Emery melakukan pendekatan yang tegas. Rogers sempat ditegur secara terbuka di lapangan karena kesalahan taktis, namun teguran itu justru memicu mentalitas juara dalam dirinya. Emery mengubahnya dari seorang winger yang hanya mengandalkan kecepatan menjadi gelandang cerdas yang mampu mengatur ritme pertandingan.
Proyeksi Karier: Menuju Piala Dunia 2026
Bukan hanya di level klub, penampilan gemilang Rogers juga membuatnya menjadi langganan di skuad Tim Nasional Inggris. Setelah melakoni debutnya pada akhir 2024, kini ia menjadi salah satu favorit untuk masuk dalam daftar skuad utama The Three Lions untuk Piala Dunia 2026.
Kemampuannya bermain di berbagai posisi—baik sebagai gelandang serang, penyerang lubang, maupun sayap kiri—memberikan fleksibilitas bagi pelatih timnas. Jika ia terus mempertahankan performanya, Morgan Rogers diprediksi akan menjadi salah satu pemain kunci Inggris di turnamen terbesar dunia tersebut.
Apakah Januari Ini Waktunya Pergi?

Pertanyaan besarnya adalah: apakah Morgan Rogers akan meninggalkan Villa Park di jendela transfer Januari ini? Secara finansial, Aston Villa berada dalam posisi yang kuat setelah kualifikasi Liga Champions musim lalu. Namun, tekanan dari regulasi Profit and Sustainability Rules (PSR) terkadang memaksa klub-klub Inggris untuk melepas aset berharga mereka.

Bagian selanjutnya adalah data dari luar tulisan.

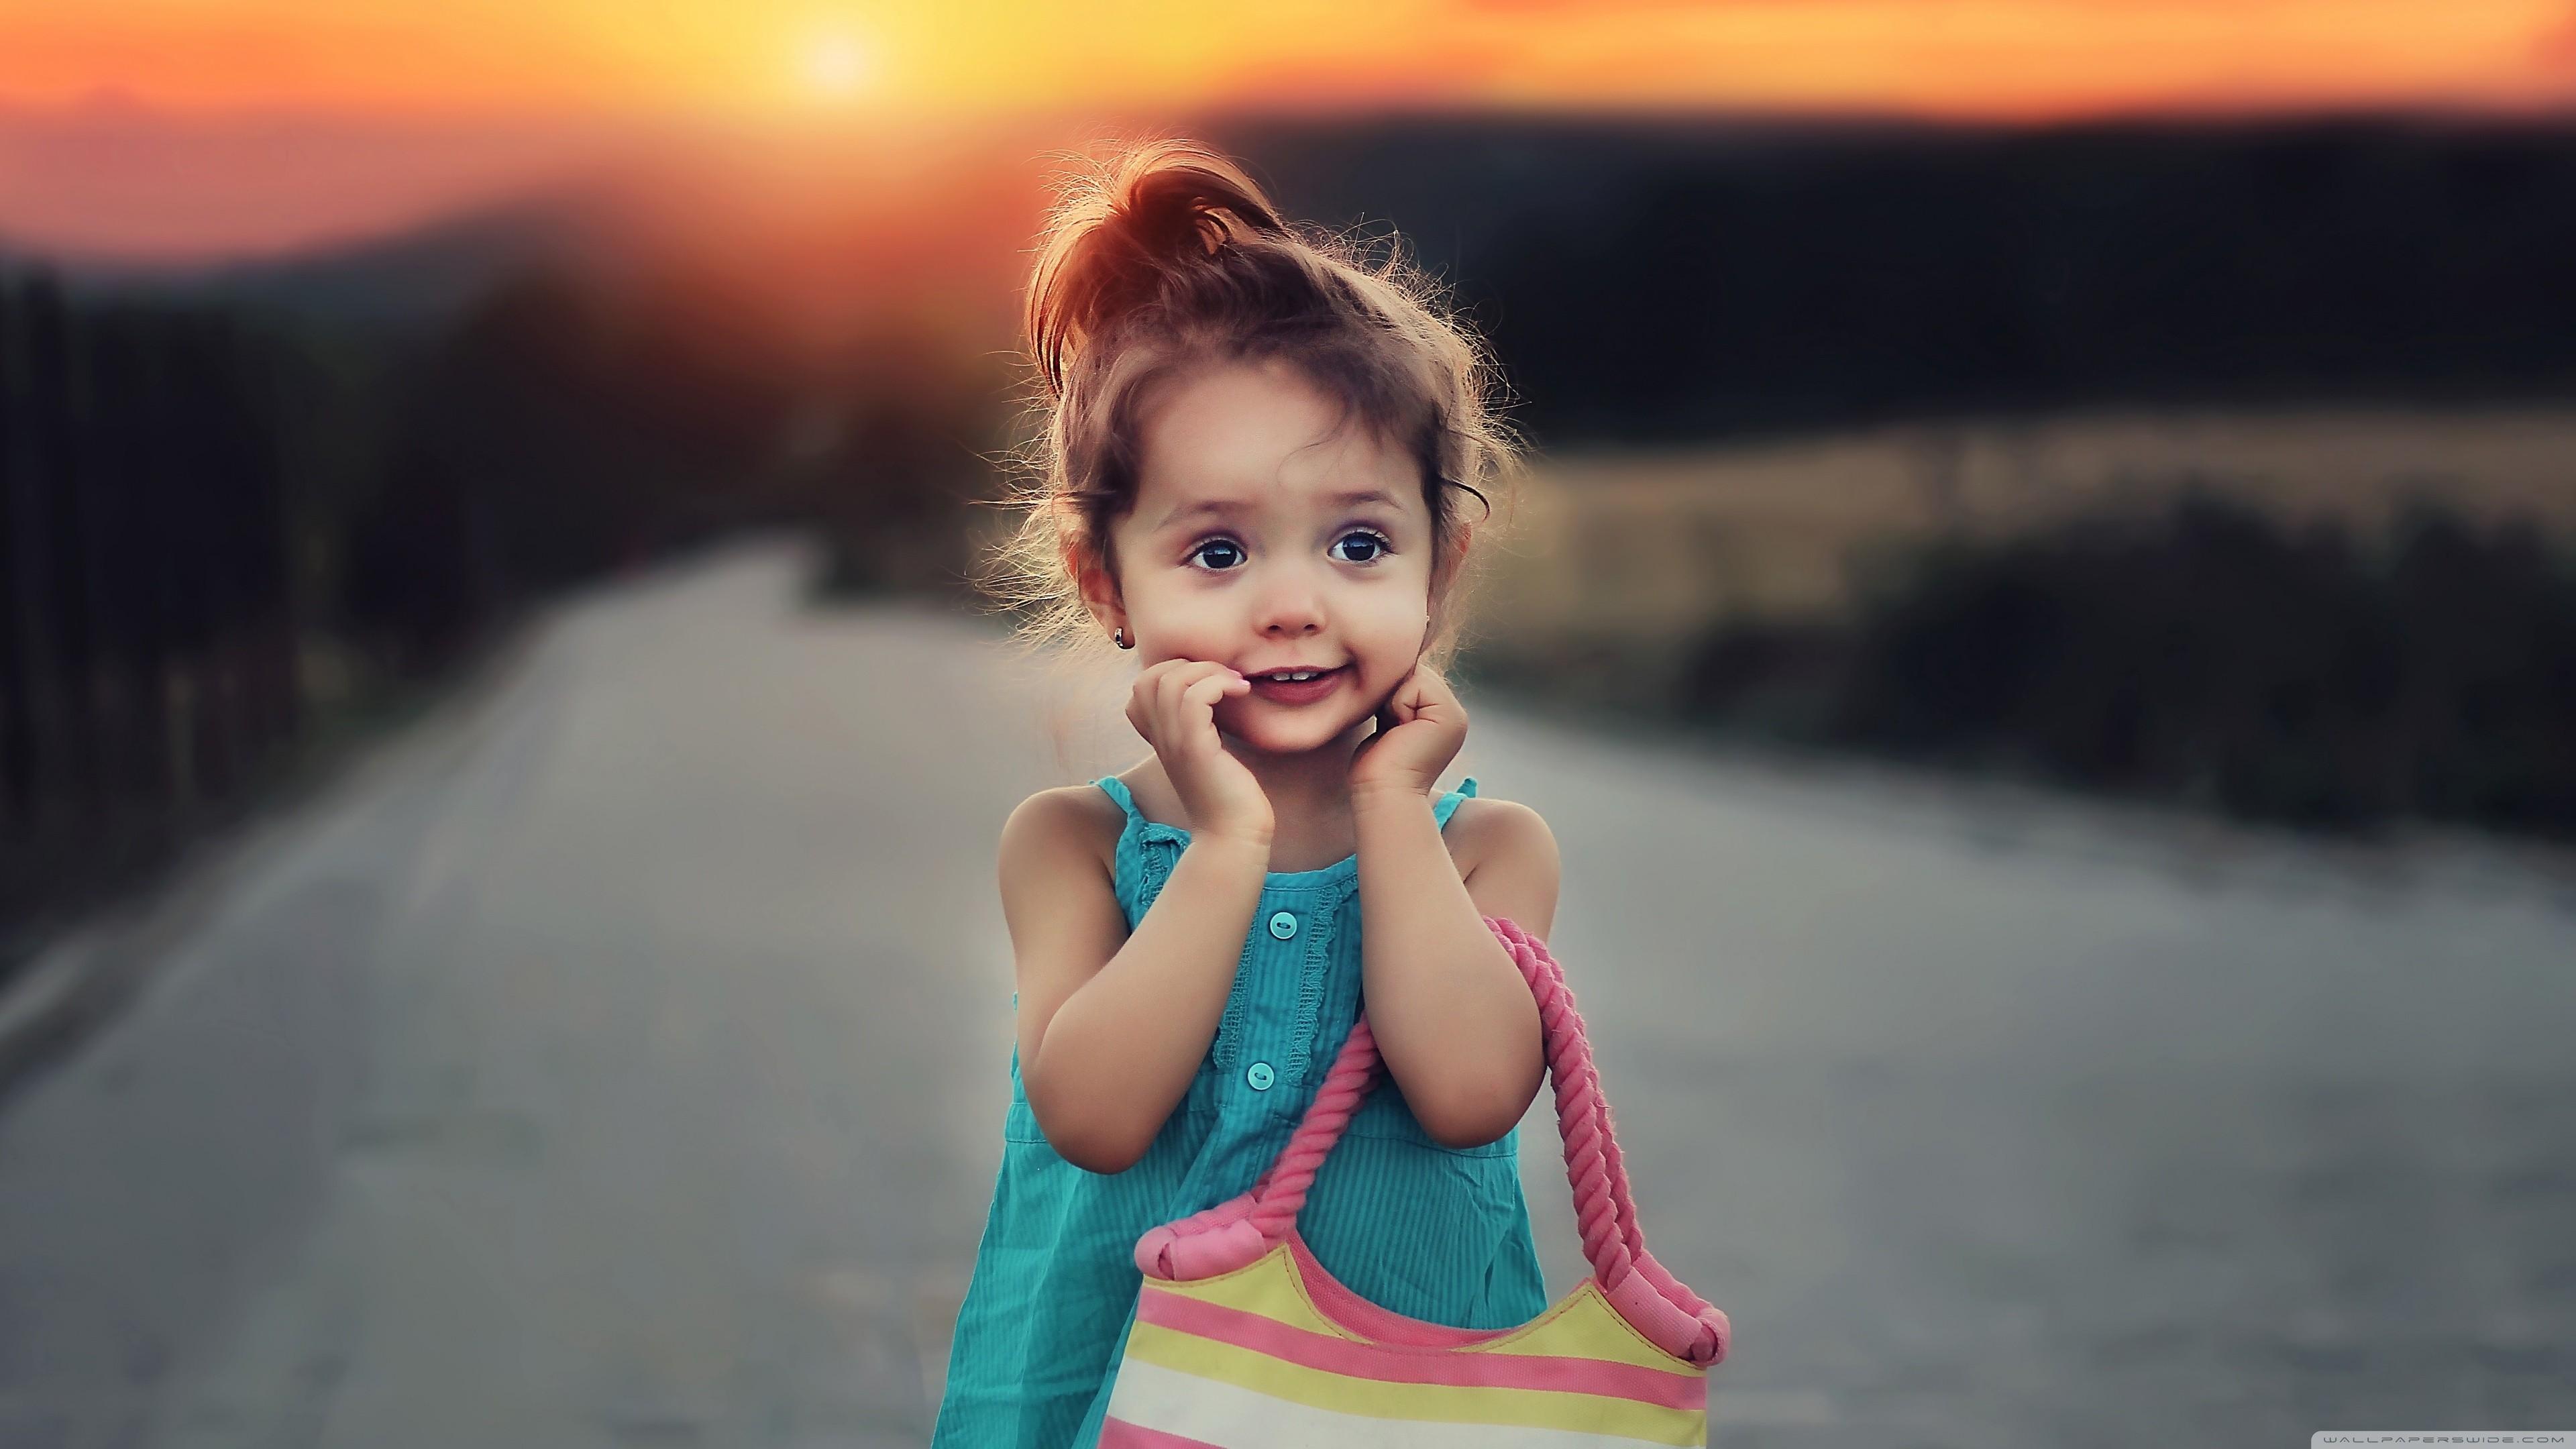 Adorable Cute Baby Girl Photo Wallpaper 3840x2160

Bagi Rogers sendiri, bertahan di Villa adalah pilihan yang aman untuk menjamin waktu bermain reguler menjelang Piala Dunia. Namun, godaan dari klub seperti Real Madrid atau Chelsea dengan prospek gaji fantastis dan trofi bergengsi tentu sulit untuk diabaikan begitu saja.

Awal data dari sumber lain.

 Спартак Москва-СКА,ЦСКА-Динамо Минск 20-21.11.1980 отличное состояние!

Bintang Baru yang Akan Terus Bersinar
Masa depan Morgan Rogers tampak sangat cerah. Di usia 23 tahun, ia telah membuktikan bahwa dirinya bukan sekadar pemain musiman. Ia memiliki paket lengkap: talenta, etos kerja, dan mentalitas untuk bermain di level tertinggi.
Apakah ia akan tetap mengenakan seragam ungu-biru Aston Villa hingga akhir musim, atau justru memulai petualangan baru di klub raksasa Eropa? Satu yang pasti, siapa pun yang mendapatkan jasa Morgan Rogers akan memiliki aset yang bisa mendominasi sepak bola Eropa untuk satu dekade ke depan.